Exercise: Within the entries below, find the portion that opens with the line containing "PANTONE 7581 C - Analogous Color Palette" and closes with the line containing "Vêtements Enfant T-shirts". Retype that portion exactly and only.

Exercise materials:
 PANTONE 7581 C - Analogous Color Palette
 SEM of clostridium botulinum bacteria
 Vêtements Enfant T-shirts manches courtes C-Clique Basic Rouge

==

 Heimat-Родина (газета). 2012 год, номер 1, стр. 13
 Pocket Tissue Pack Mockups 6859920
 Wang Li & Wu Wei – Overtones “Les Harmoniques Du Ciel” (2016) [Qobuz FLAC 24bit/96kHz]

* * *

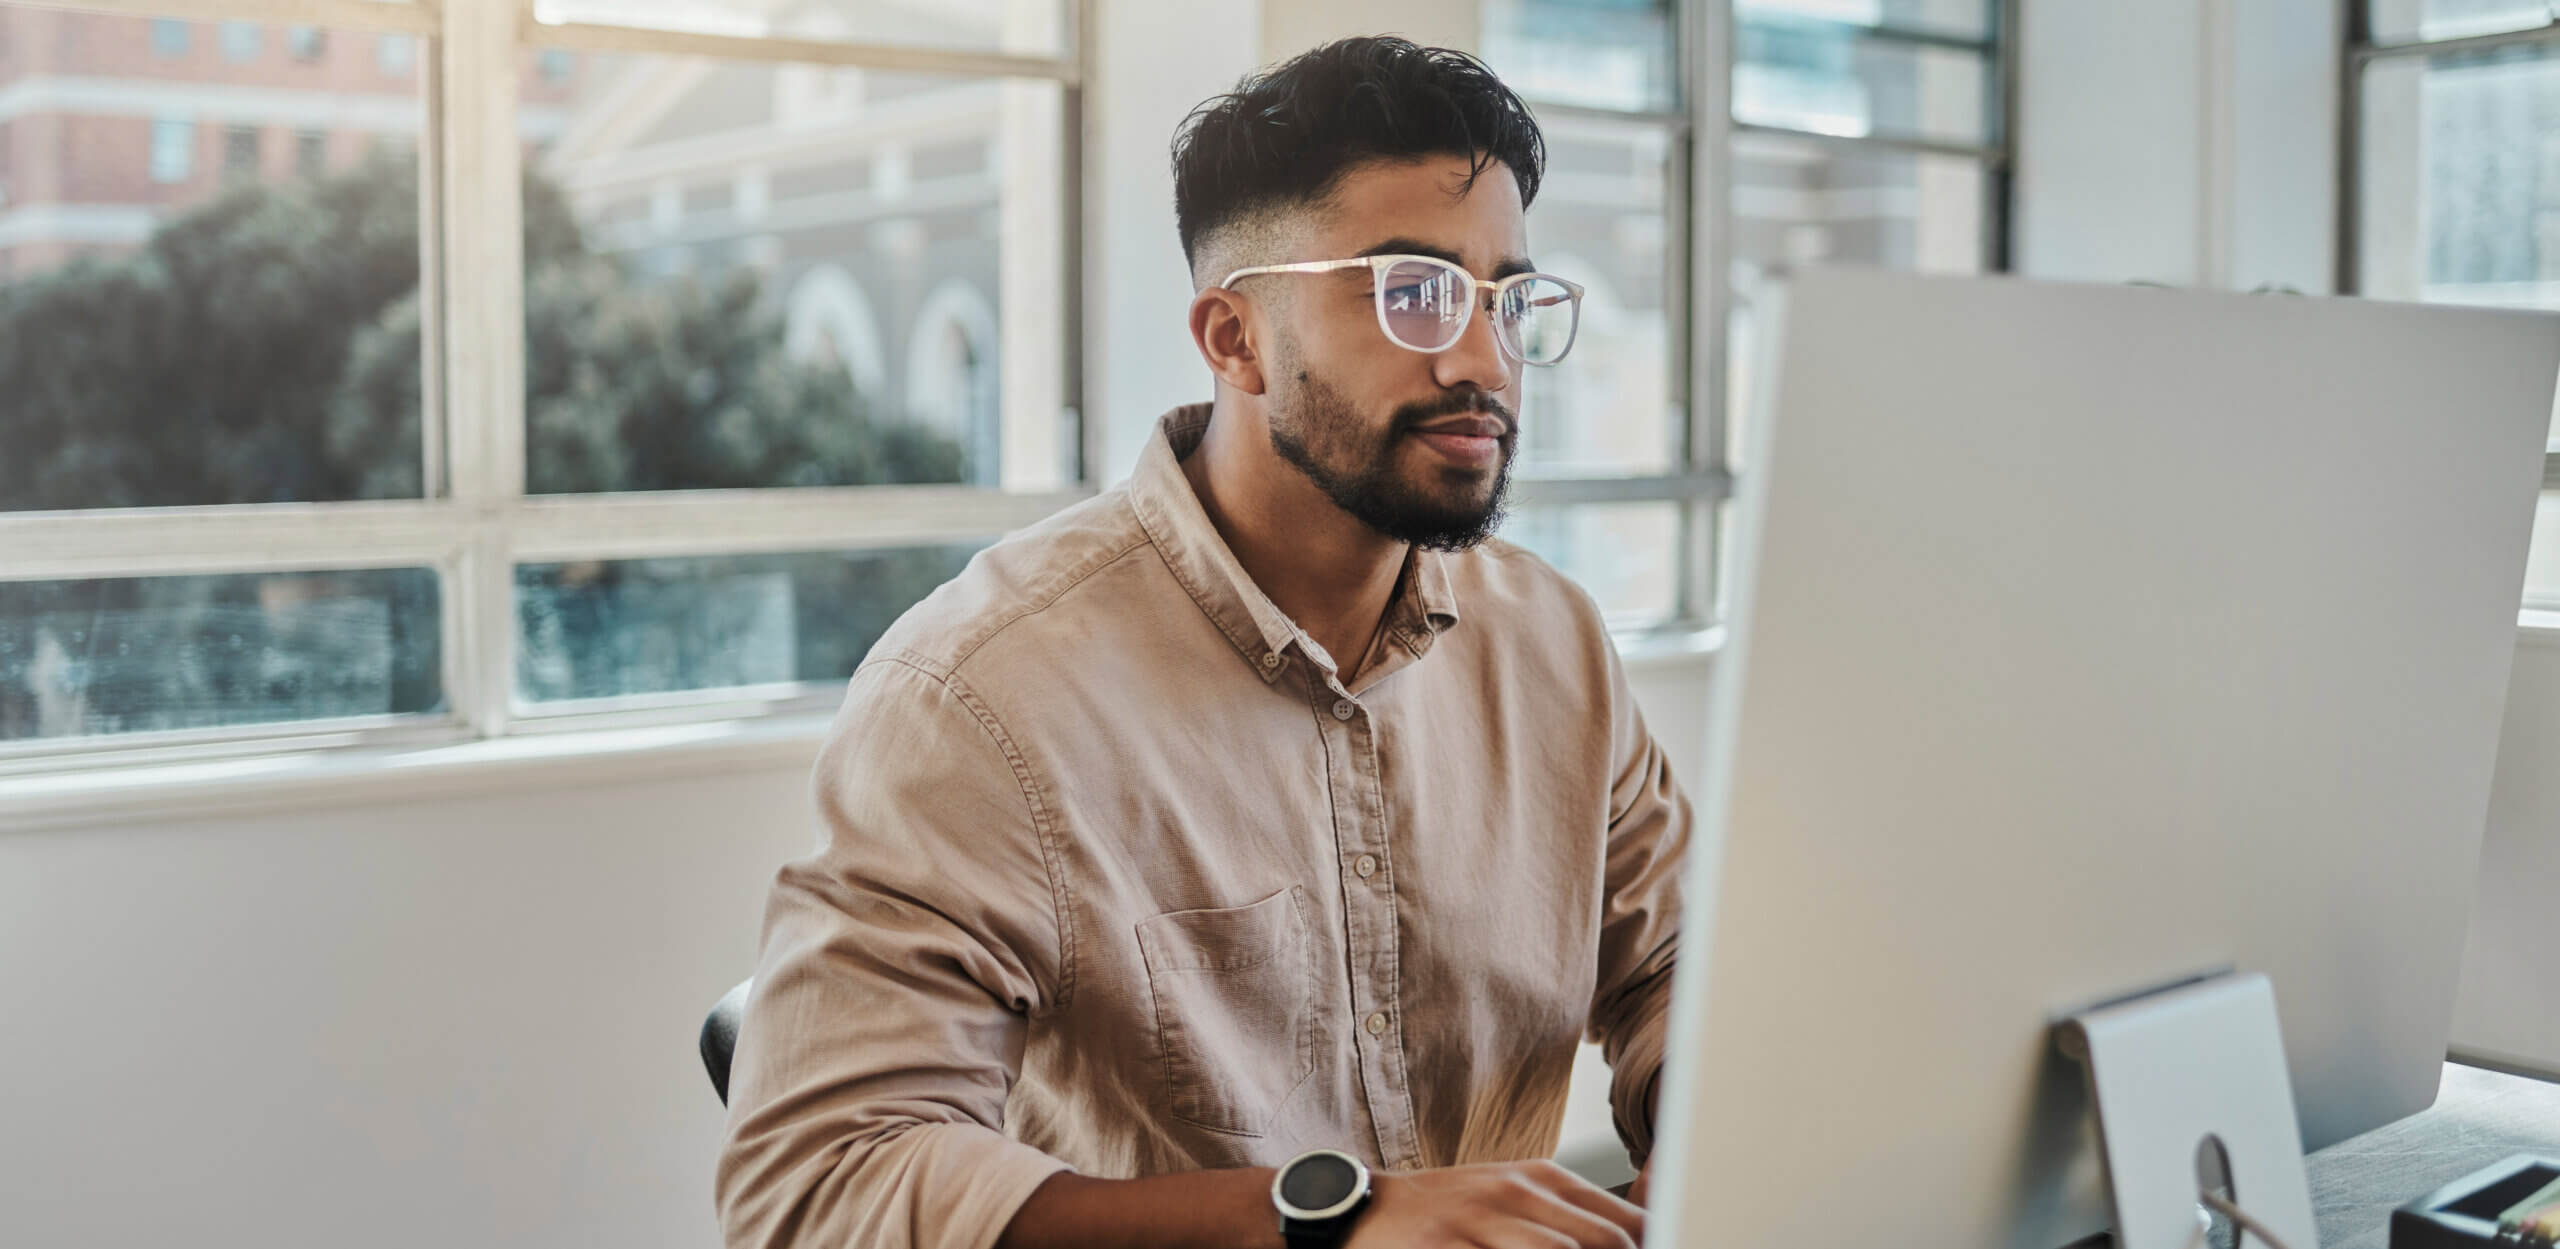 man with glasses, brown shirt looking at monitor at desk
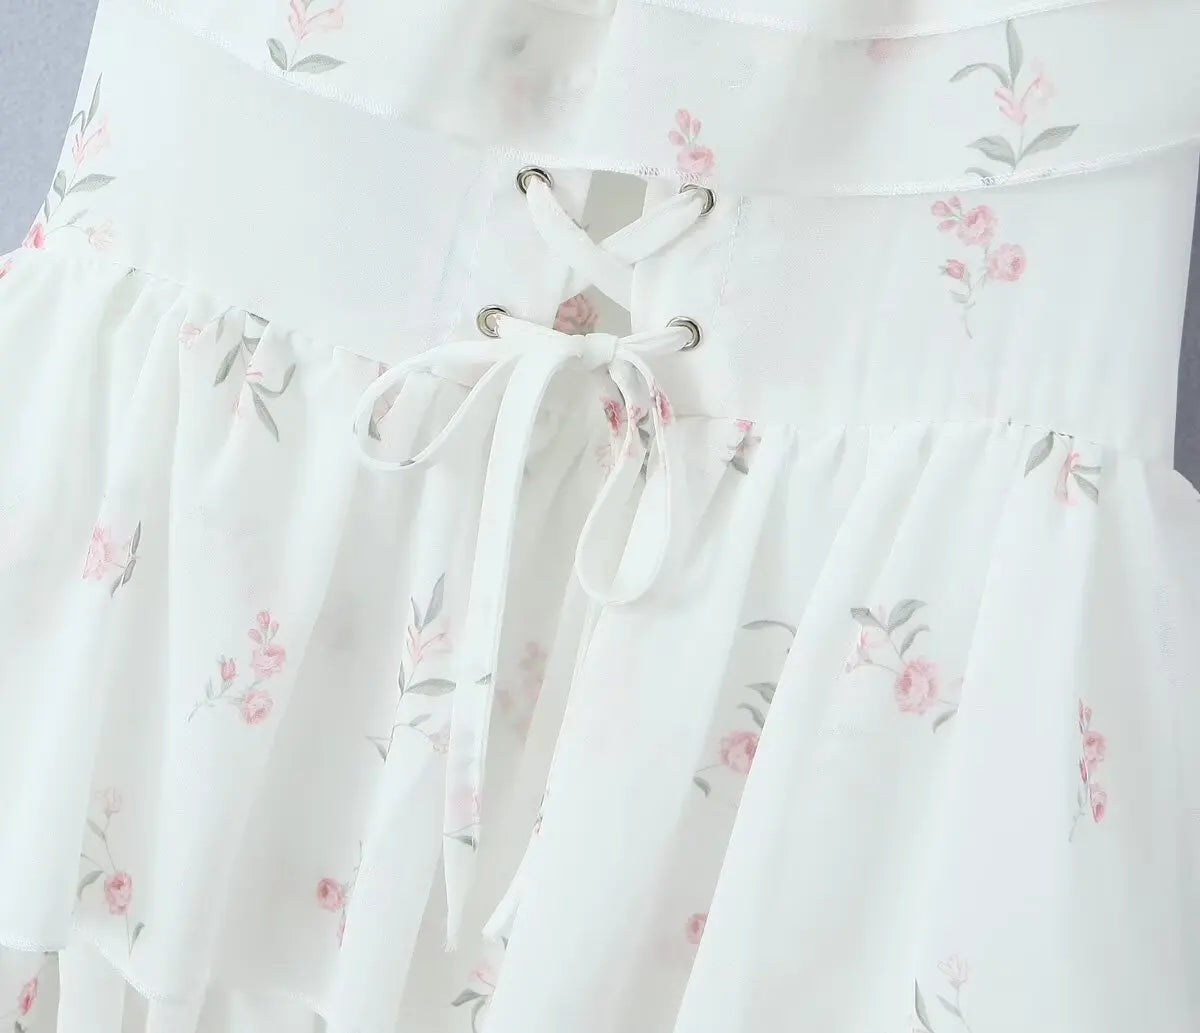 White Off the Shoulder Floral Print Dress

Output of the exercise:
 PANTONE 7581 C - Analogous Color Palette
 SEM of clostridium botulinum bacteria
 Vêtements Enfant T-shirts manches courtes C-Clique Basic Rouge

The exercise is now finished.